Christine Hastorf


Christine Hastorf is an archaeologist and is currently Professor in the Anthropology department at the University of California, Berkeley. Her research focuses on agriculture, political complexity, gender, archaeobotany, and the archaeology of the Andes.

Biography

Hastorf received her Phd from UCLA in 1983. Hastorf has worked on the shores of Lake Titicaca, Bolivia since 1992. At Berkeley, Hastorf directs the Archaeological Research Facility as well as the McCown Archaeobotany Laboratory, and is the Curator of South American Archaeology at the Phoebe A. Hearst Museum of Anthropology.
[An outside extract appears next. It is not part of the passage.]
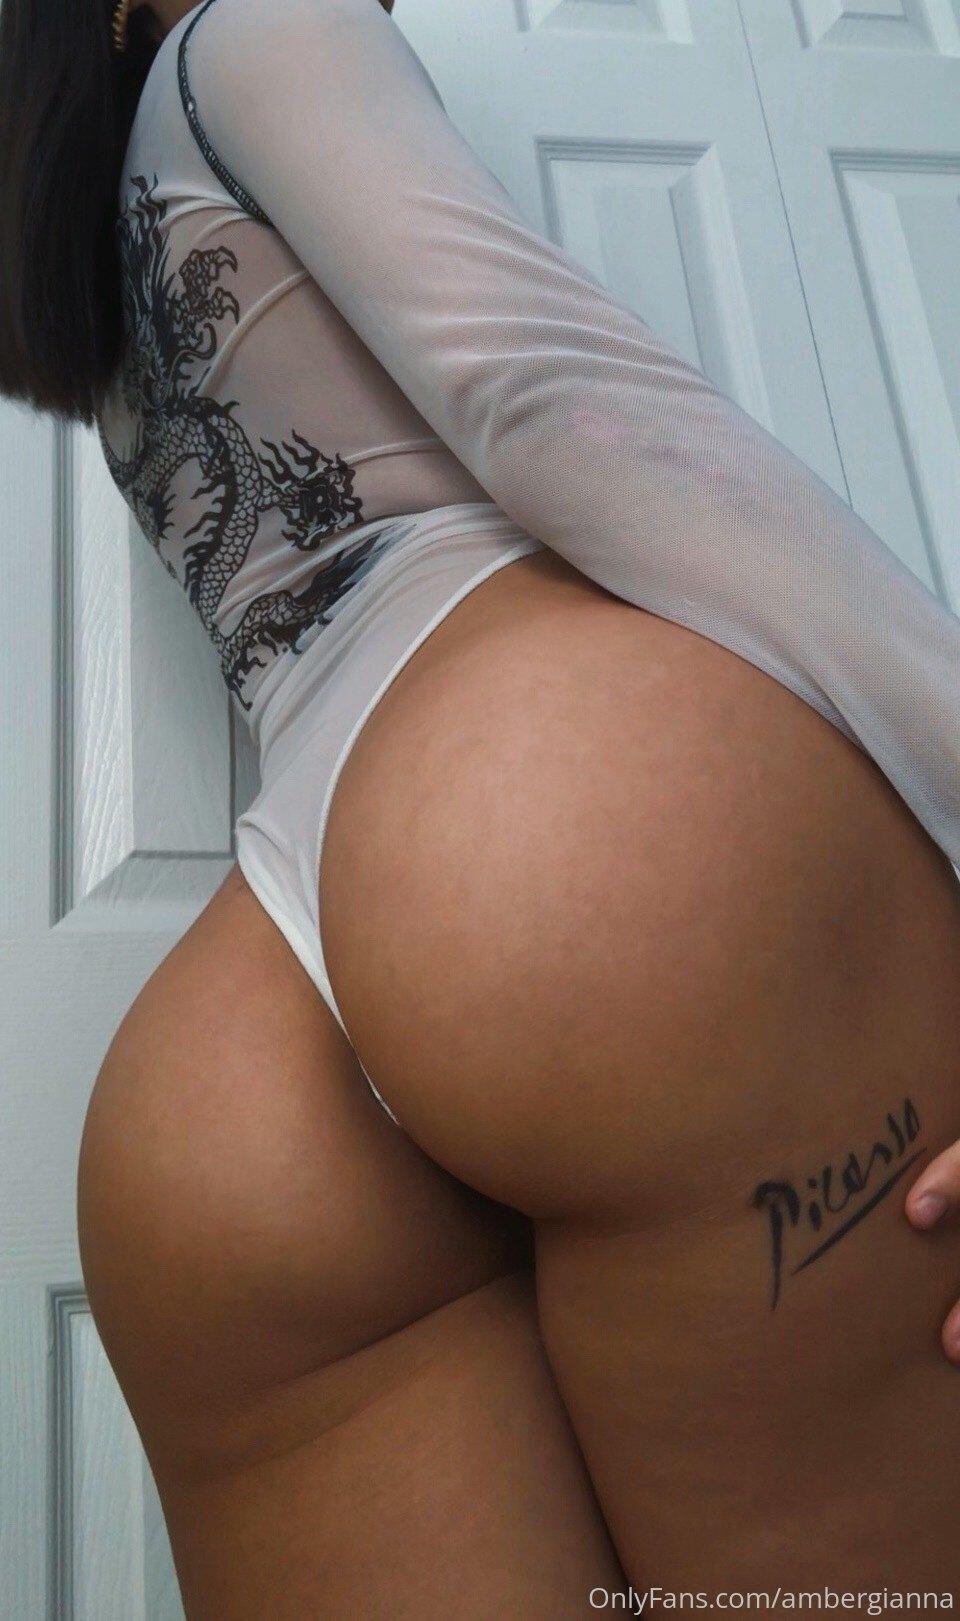 Amber Gianna Onlyfans 0096

In the late 1970s Hastorf undertook research on the stable isotope composition on Andean grains.
She has produced several key volumes in archaeology, including Current Paleoethnobotany with Virginia Popper, The Uses of Style with Margaret Conkey.
Hastorf won the Society for American Archaeology Fryxell Award for Excellence in the Botanical Sciences in Archaeology in 2012. Hastorf is a Fellow of the California Academy of Sciences, and was elected as a Fellow of the Society of Antiquaries in 2014. Hastorf has received research grants from the National Science Foundation and the Wenner Gren Foundation for the project 'Multi-Community Formation in the Lake Titicaca Basin Bolivia', and National Geographic.